First, we solve the first inequality:

$$ 2 \sin x \leq 1 $$

$$ \sin x \leq \frac{1}{2} $$

The basic equation \( \sin x = \frac{1}{2} \), related to this inequality, is satisfied when \(x\) takes the following values:

$$ x = \frac{\pi}{6} + 2k\pi \ \text{or} \ x = \pi - \frac{\pi}{6} + 2k\pi $$

$$ x = \frac{\pi}{6} + 2k\pi \ \text{or} \ x = \frac{6\pi - \pi}{6} + 2k\pi $$

$$ x = \frac{\pi}{6} + 2k\pi \ \text{or} \ x = \frac{5\pi}{6} + 2k\pi $$

Thus, within the interval \( (0, 2\pi) \), the inequality holds true in the intervals \([0, \pi/6]\) and \([5\pi/6, 2\pi)\).

Next, we solve the second inequality:

$$ 2 \cos x < \sqrt{3} $$

$$ \cos x < \frac{\sqrt{3}}{2} $$

The basic equation \( \cos x = \frac{\sqrt{3}}{2} \), associated with this inequality, is satisfied when:

$$ x = \frac{\pi}{6} + 2k\pi \ \text{or} \ x = -\frac{\pi}{6} + 2k\pi $$

We rewrite \(-\pi/6\) in the reference interval \( (0, 2\pi) \) as \( 2\pi - \pi/6 \):

$$ x = \frac{\pi}{6} + 2k\pi \ \text{or} \ x = 2\pi - \frac{\pi}{6} + 2k\pi $$

$$ x = \frac{\pi}{6} + 2k\pi \ \text{or} \ x = \frac{12\pi - \pi}{6} + 2k\pi $$

$$ x = \frac{\pi}{6} + 2k\pi \ \text{or} \ x = \frac{11\pi}{6} + 2k\pi $$

Therefore, within the interval \( (0, 2\pi) \), the inequality holds true in the interval \( (\pi/6, 11\pi/6) \).

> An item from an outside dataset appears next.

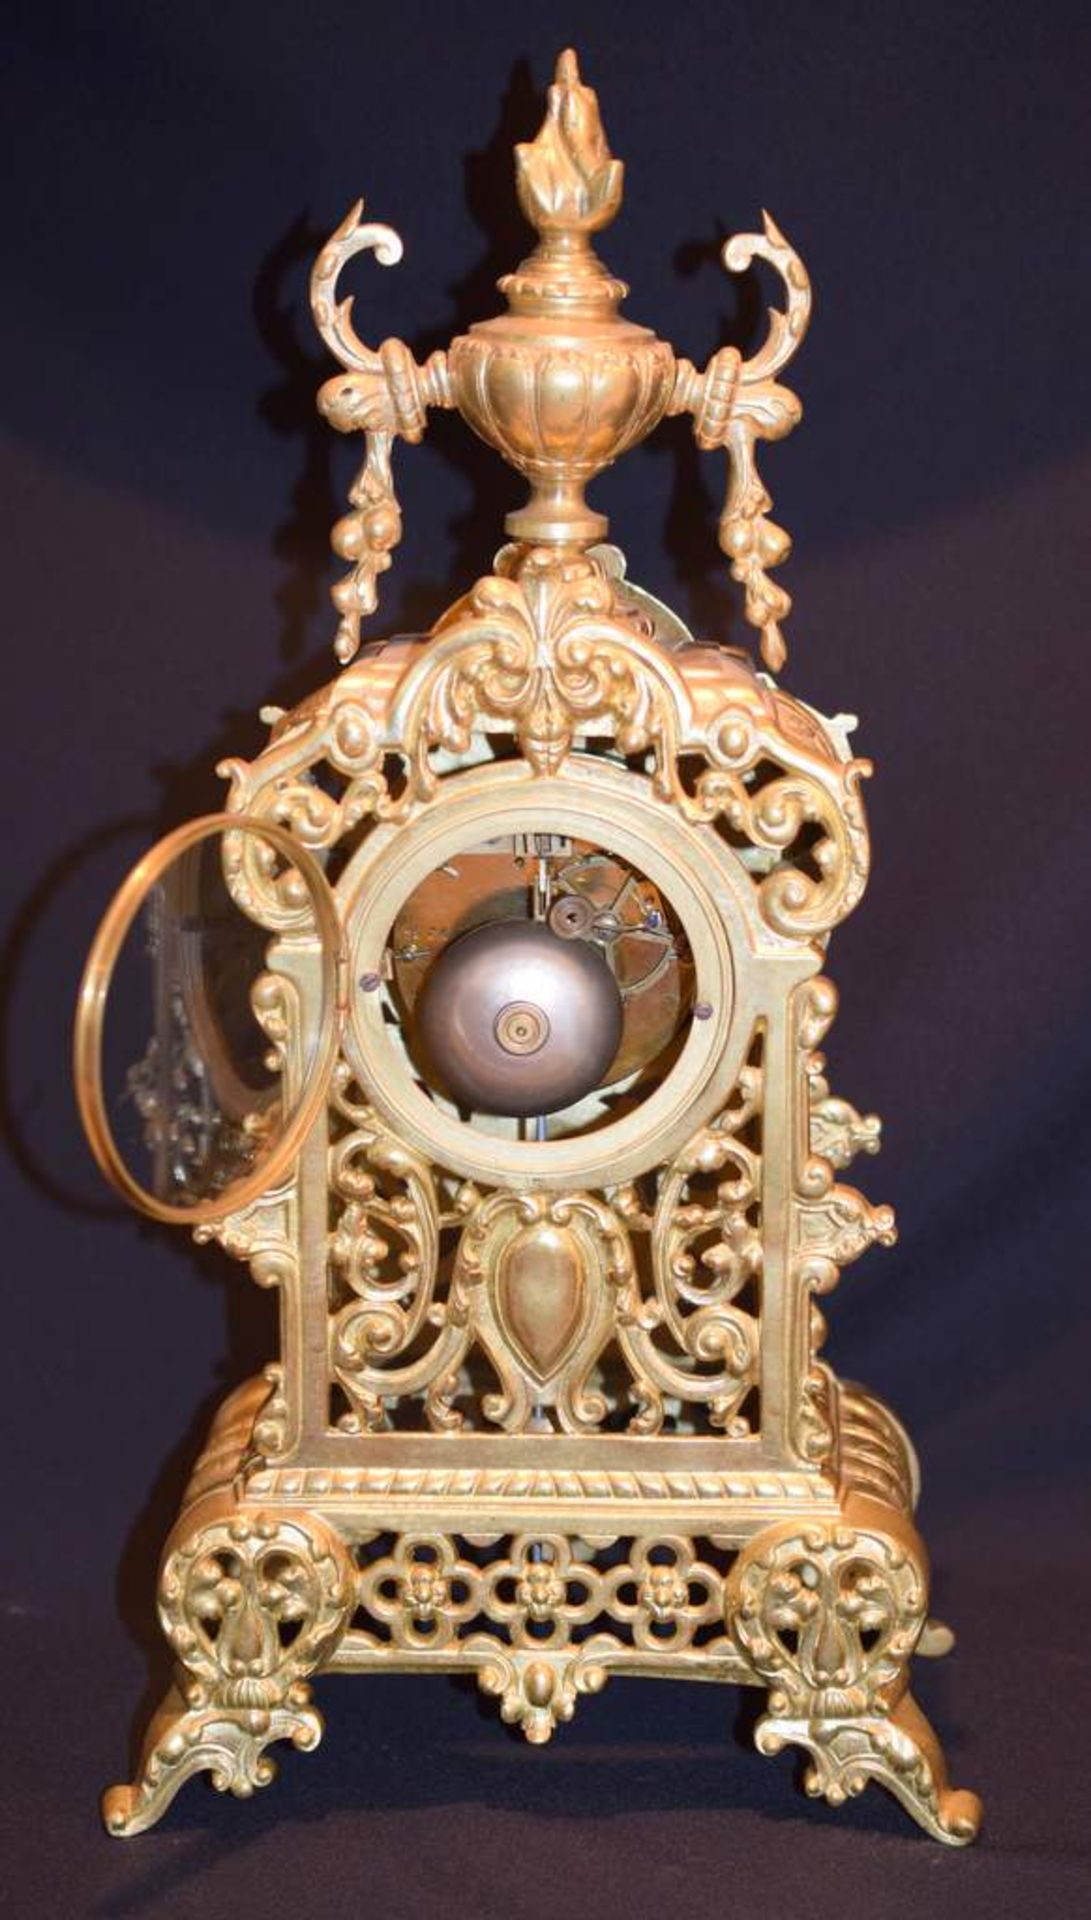 Excellent French Empire Bronze Clock c1850 - Image 3 of 4

Finally, we check for an intersection between the solutions of the two inequalities:

$$ \{ [0, \frac{\pi}{6}] \ \cup \ [\frac{5\pi}{6}, 2\pi] \} \ \cap \ \{ (\frac{\pi}{6}, \frac{11\pi}{6}) \} $$

$$ [\frac{5\pi}{6}, \frac{11\pi}{6}) $$

An intersection exists, so the system has solutions.

In the interval \( (0, 2\pi) \), the solutions to the trigonometric inequality system are the \(x\)-values within \([5\pi/6, 11\pi/6)\).

Considering all periodic solutions, the system is satisfied in the intervals:

$$ [\frac{5\pi}{6} + 2k\pi, \frac{11\pi}{6} + 2k\pi) $$

where \( k \) is any integer.

Verification with GeoGebra

To confirm the result, we analyze the graph of the two trigonometric functions over the interval \( (0, 2\pi) \).

Both functions are negative within the interval \( (5\pi/6, 11\pi/6) \).

And so on.